Tout en maîtrise. Il n’empêche, jusqu’à dimanche, Paul Seixas a démontré une remarquable adaptation à la Grande Boucle, restant au contact des meilleurs sans faire de bruit. Certains auraient pu imaginer qu’il allait essayer de suivre Pogacar dans son offensive du Tourmalet, comme il l’avait fait dans la côte de La Redoute en final de Liège-Bastogne-Liège. Mais, quelque peu englué dans le peloton des favoris, il a préféré se replacer et suivre le mouvement derrière le fuyard slovène. En clair, une présence permanente dans le peloton des favoris mais un comportement discret. Histoire de ne pas se griller pour l’avenir mais également de ne pas provoquer les ténors…
On ajoutera que Paul Seixas a fait preuve d’une remarquable maîtrise dans la deuxième étape où après une crevaison qui l’a contraint à chasser de longues minutes pour retrouver le peloton, épisode qui aurait pu être fatal lorsqu’il a failli entrer en collision avec une voiture de l’organisation qui déboîta juste à son passage. Sans oublier un problème d’oreillette qui sema un peu le trouble dans l’emballage final… C’est ce qu’on appelle l’apprentissage.
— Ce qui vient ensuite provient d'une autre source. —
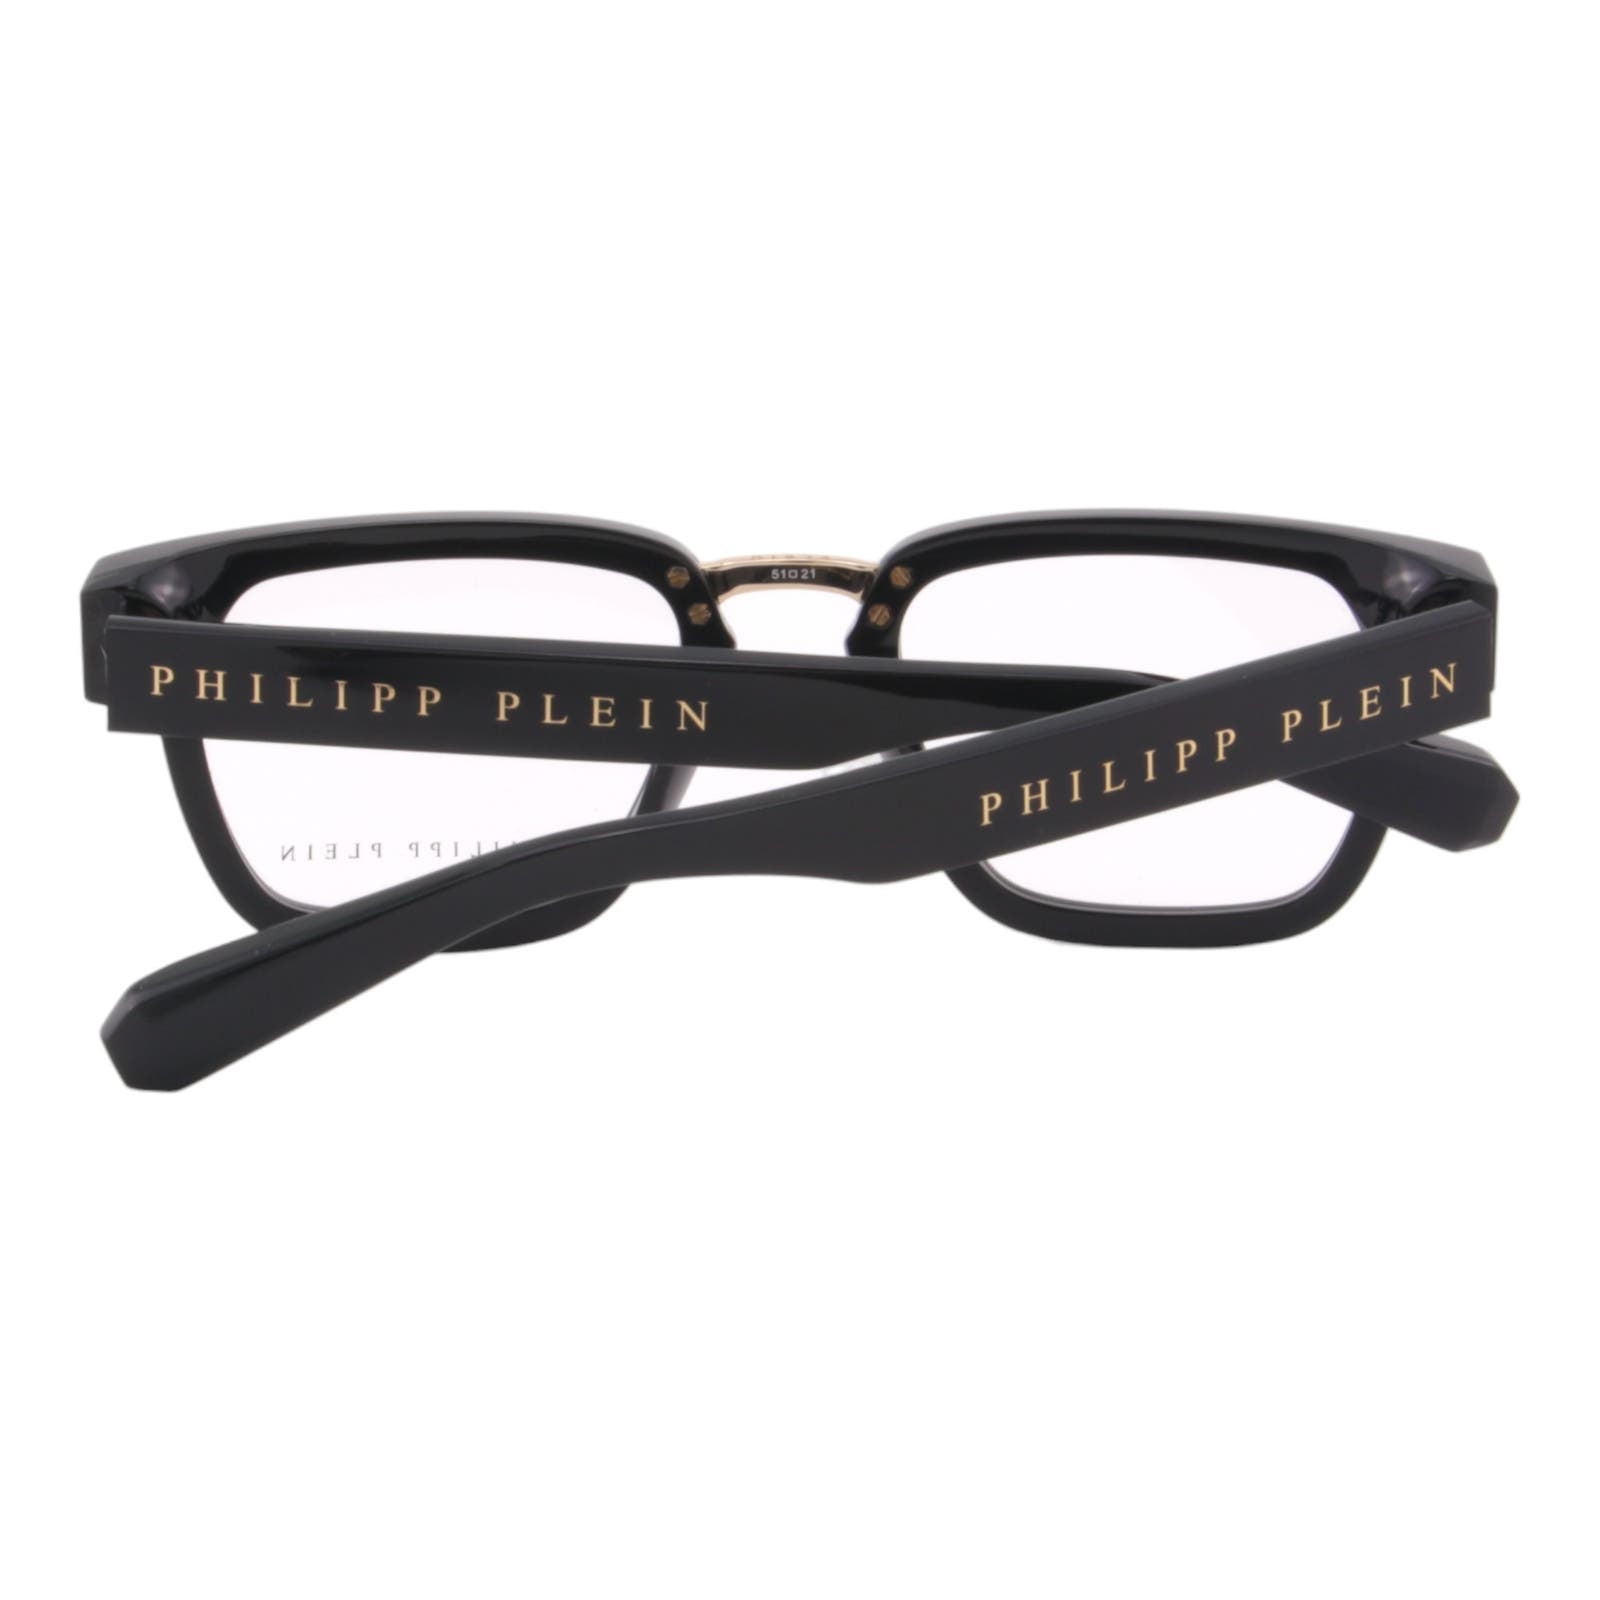 Men Glasses VPP055W-0700 Black & Gold Optical Square Frame

Hinault : « là pour apprendre ». Sous un titre bien senti, Le Parisien/Aujourd’hui en France (lundi 13 juillet) écrit que‘’Seixas a réussi ses partiels’’. On en conviendra. Mais comme Bernard Hinault le répète inlassablement, Seixas « est là pour apprendre et c’est trop tôt pour lui de jouer la gagne » tout en reconnaissant que « pour l’instant, c’est pas mal ».
Dans ce même article de Christophe Bérard, Thomas Voeckler, capitaine des équipes de France au Mondial cycliste et consultant sur France Télévision, se félicite du comportement du coureur de Décathlon-CMA/CGM, notamment quand « il a très bien géré la petite alerte au moment de sa crevaison dans la 2e étape, ce qui n’est pas anodin... »
Si certains, comme Jérôme Coppel, parient qu’il sera sur le podium, d’autres s’interrogeront sur la fiabilité de son équipe au regard des armadas entourant Pogacar (UAE), Vingegaard (Visma-Lease a bike) et Evenepoel (RedBull-Bora).

Quoi qu’il en soit, sans incident majeur, sans défaillance, on en saura plus dimanche prochain sur les hauteurs du Plateau de Solaison et avant une dernière semaine dantesque avec notamment les arrivées en haut d’Orcières-Merlette et la double ascension de l’Alpe d’Huez la veille de l’arrivée à Paris.